The lines below, from the one holding "Contemporary Handmade Persian" through the one holding "Vents on the", are to be restated word for word, with all images left out.

EXCERPTED RECORDS:
==*==

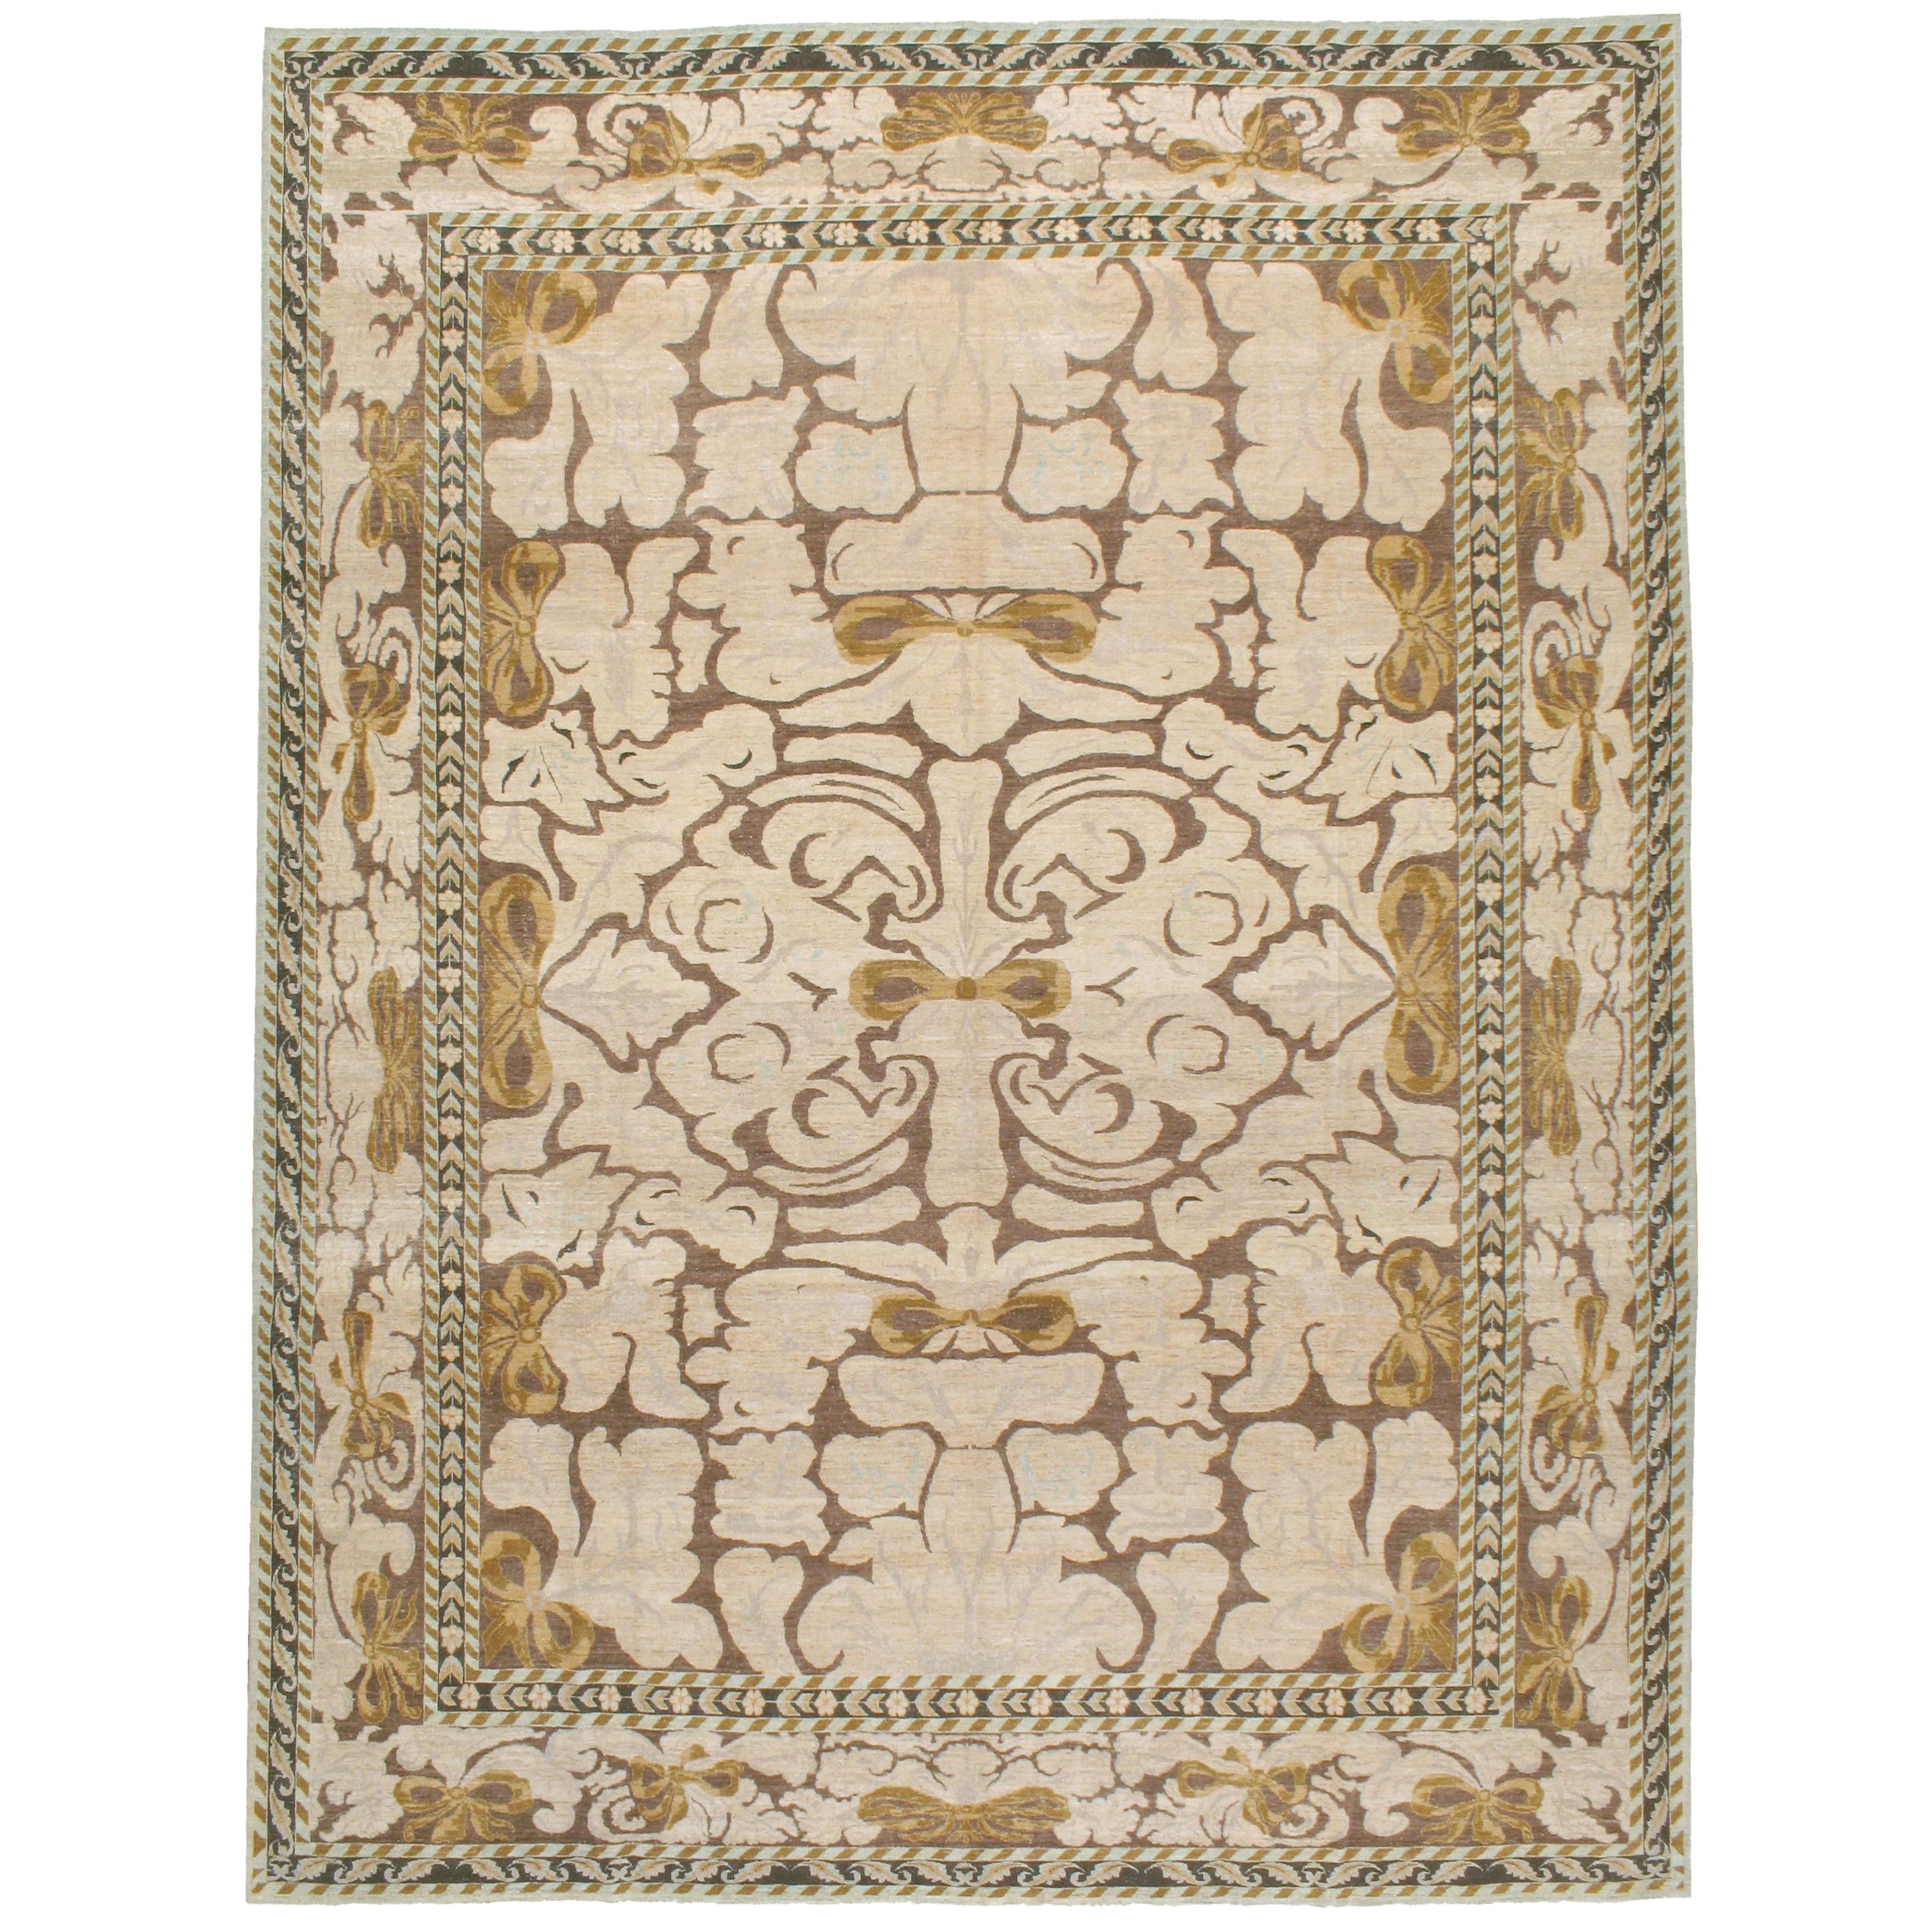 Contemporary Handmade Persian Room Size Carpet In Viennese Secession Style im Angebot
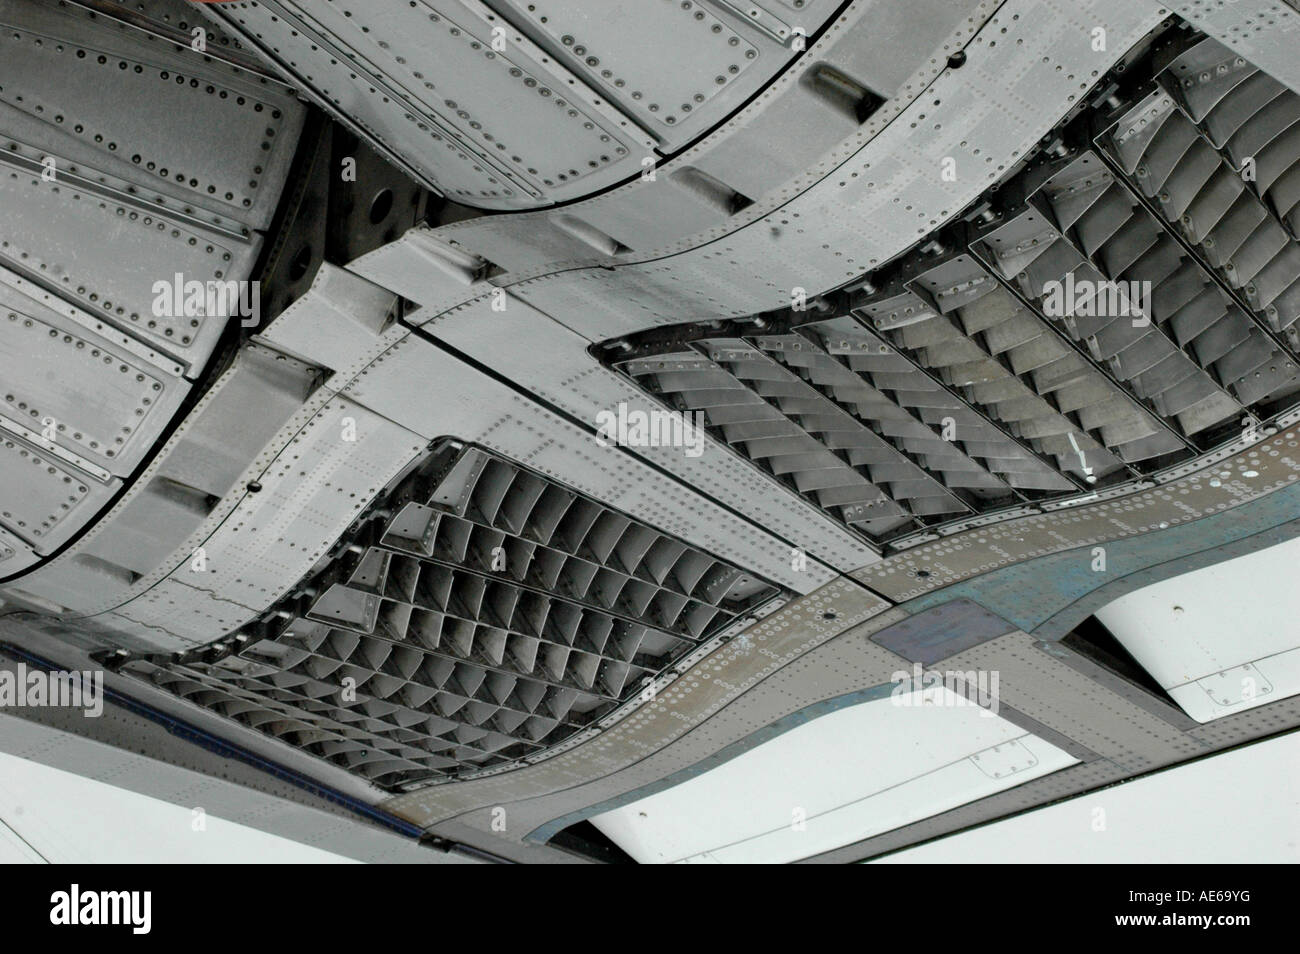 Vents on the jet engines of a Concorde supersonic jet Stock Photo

==*==

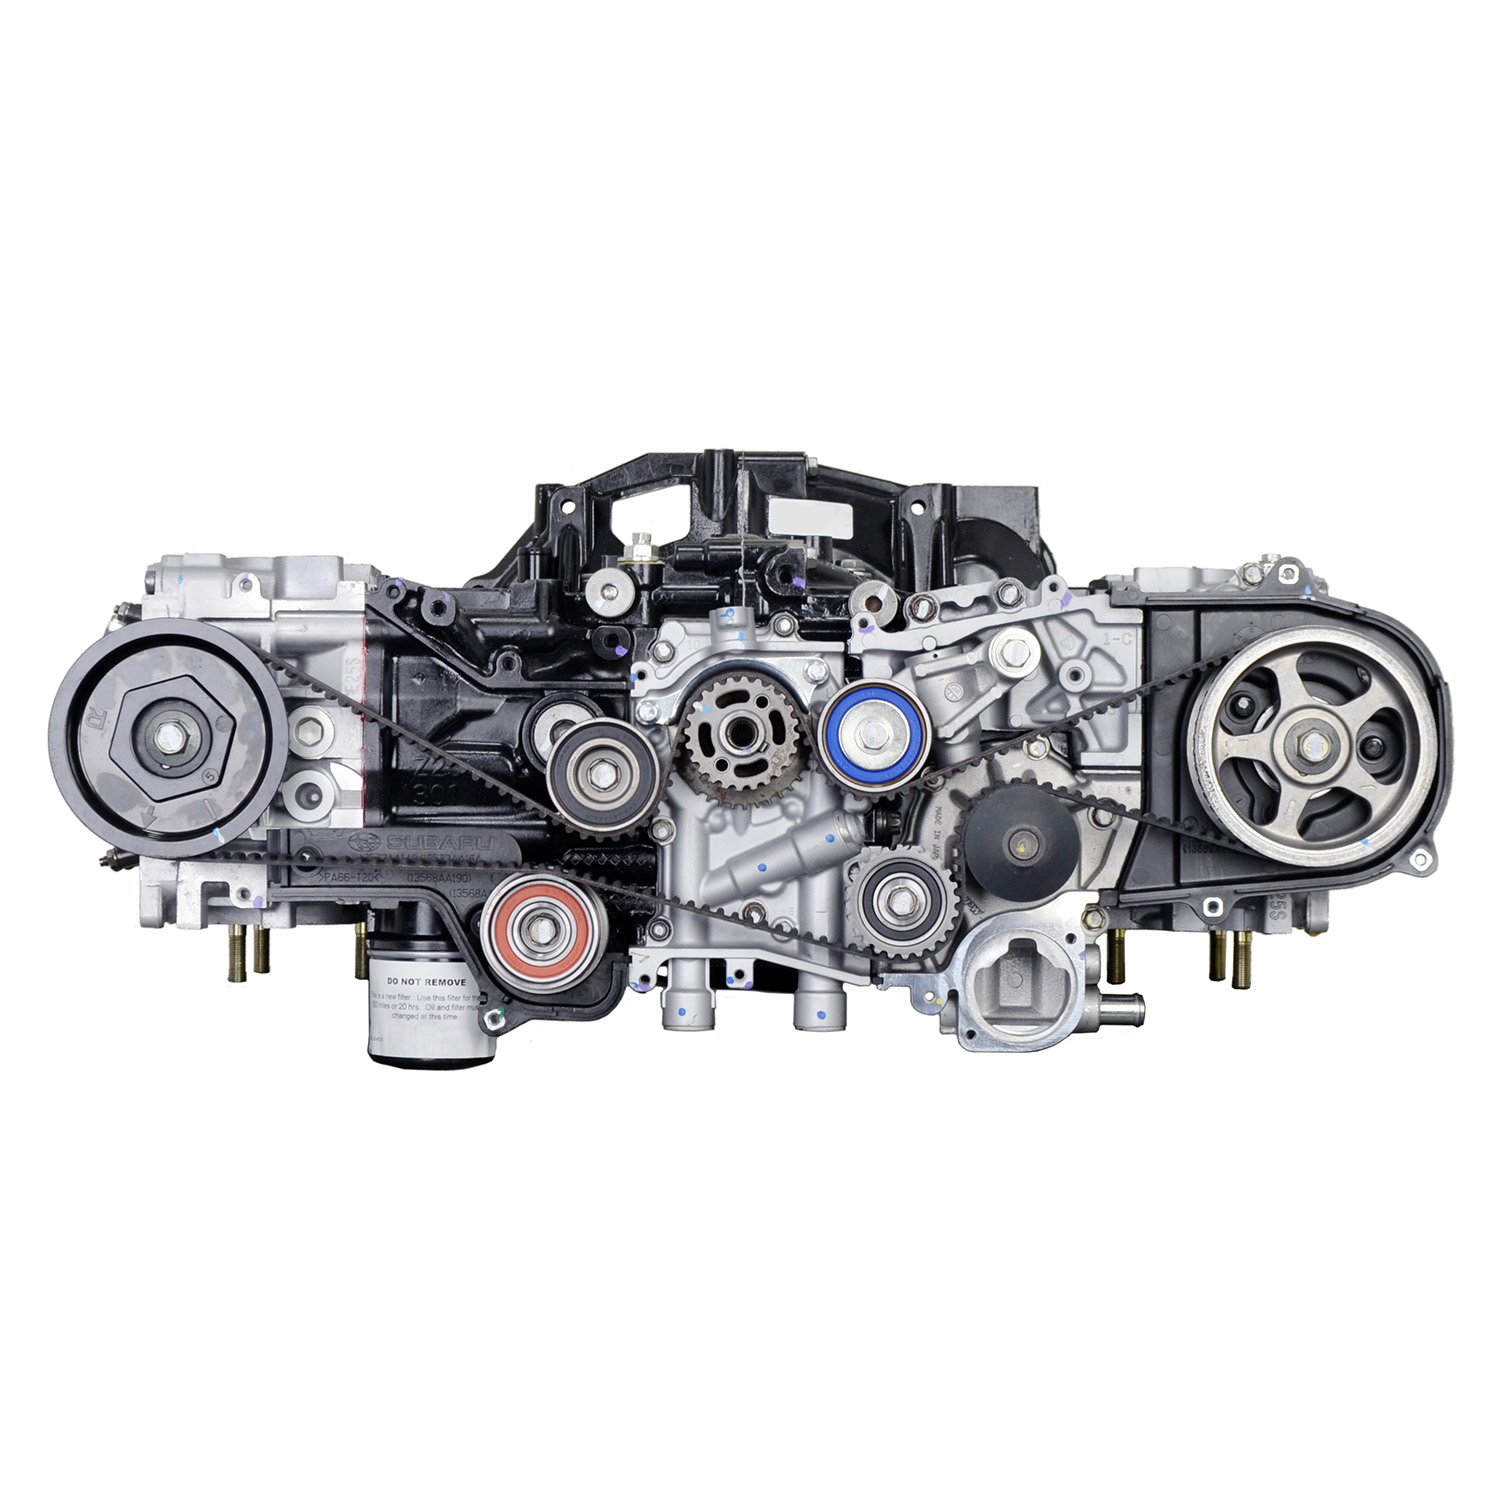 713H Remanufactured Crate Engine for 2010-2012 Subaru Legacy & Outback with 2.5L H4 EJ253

==*==

ANSWER BOX:
 Contemporary Handmade Persian Room Size Carpet In Viennese Secession Style im Angebot
 Vents on the jet engines of a Concorde supersonic jet Stock Photo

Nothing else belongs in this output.